NCT ID: NCT00424255 Completed - Clinical trials for Neoplasms, Head and Neck

Study Of Adjuvant Lapatinib In High-Risk Head And Neck Cancer Subjects After Surgery

Start date: December 2006
Phase: Phase 3
Study type: Interventional

This is a randomised, double-blind, placebo-controlled, multicentre, global Phase III trial comparing the efficacy of adjuvant oral lapatinib versus placebo in high-risk subjects with head and neck cancer following surgery. Lapatinib or placebo will be administered post-operatively in combination with chemoradiotherapy followed by maintenance with lapatinib or placebo for 1 year. The primary goal is to determine if lapatinib is effective at reducing the recurrence of the disease in these high-risk patients.

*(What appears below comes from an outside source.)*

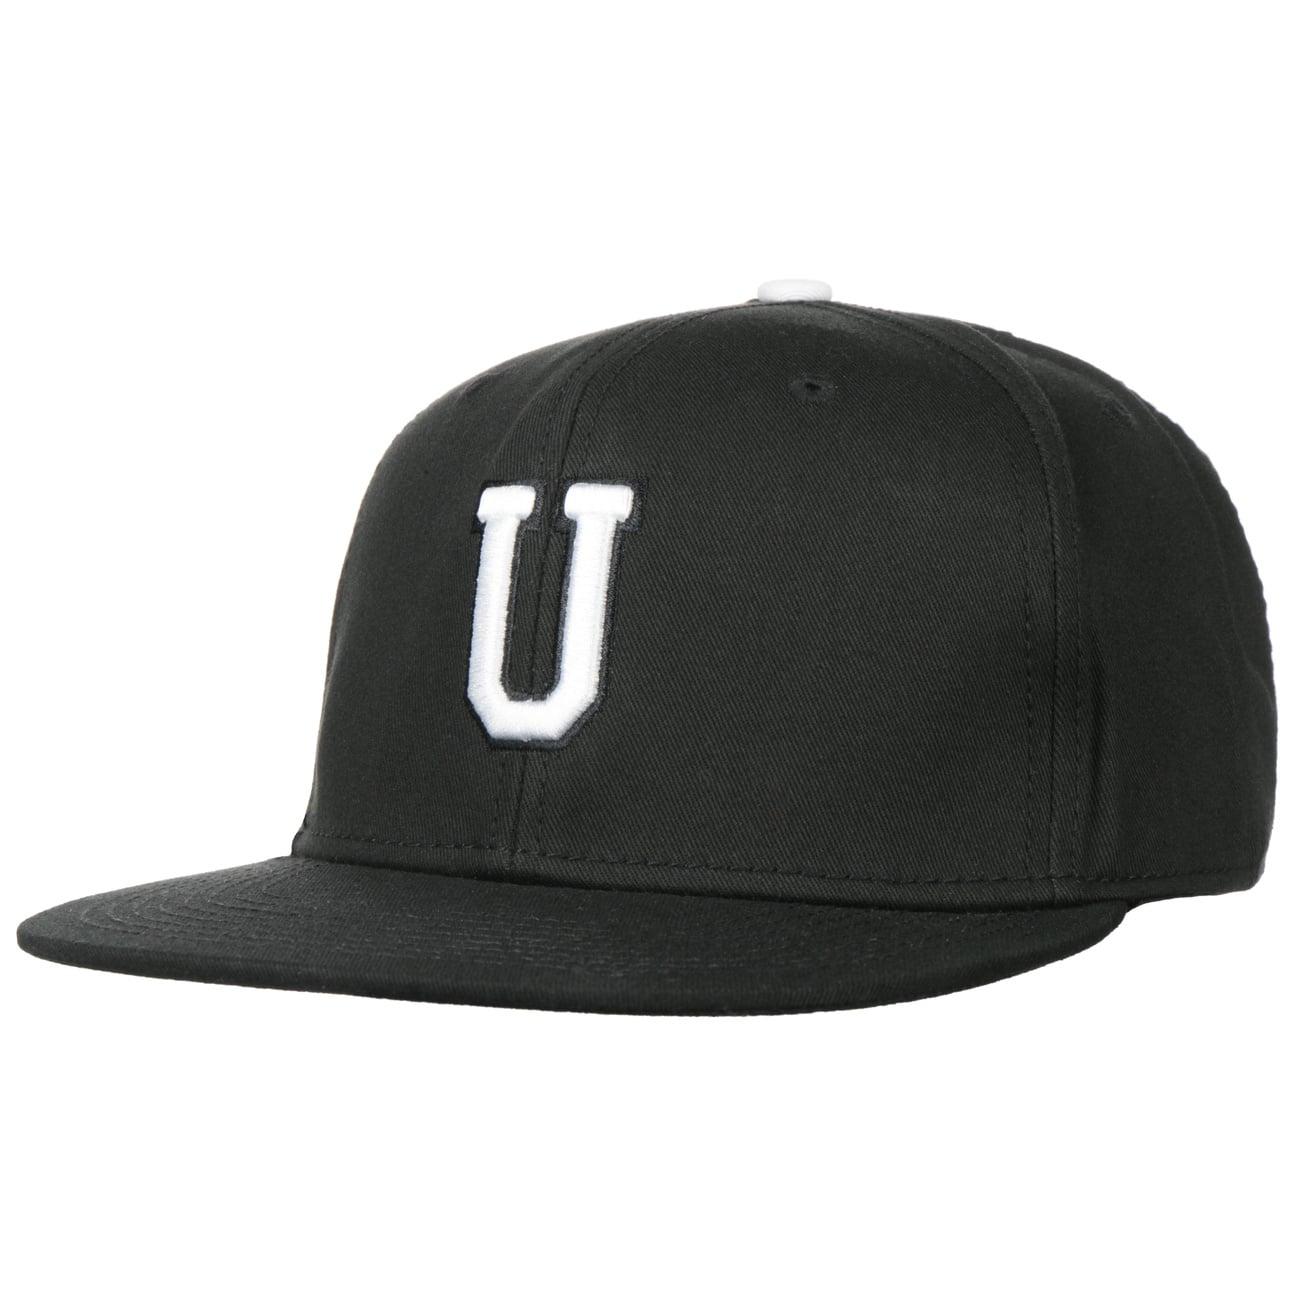 Casquette U Letter Snapback Cap  casquette de baseball

NCT ID: NCT00387127 Completed - Clinical trials for Neoplasms, Head and Neck

Lapatinib Versus Placebo Given Concurrently With Cisplatin And Radiotherapy In Patients With Unresected Head And Neck Cancer

Start date: November 2006
Phase: Phase 2
Study type: Interventional

This is a phase II study comparing the effects of lapatinib versus placebo when administered concurrently with cisplatin and radiotherapy followed by 1 year monotherapy with lapatinib or placebo. The study is designed to evaluate and compare the two treatment groups with respect to complete response rate at 6 months following chemoradiation completion.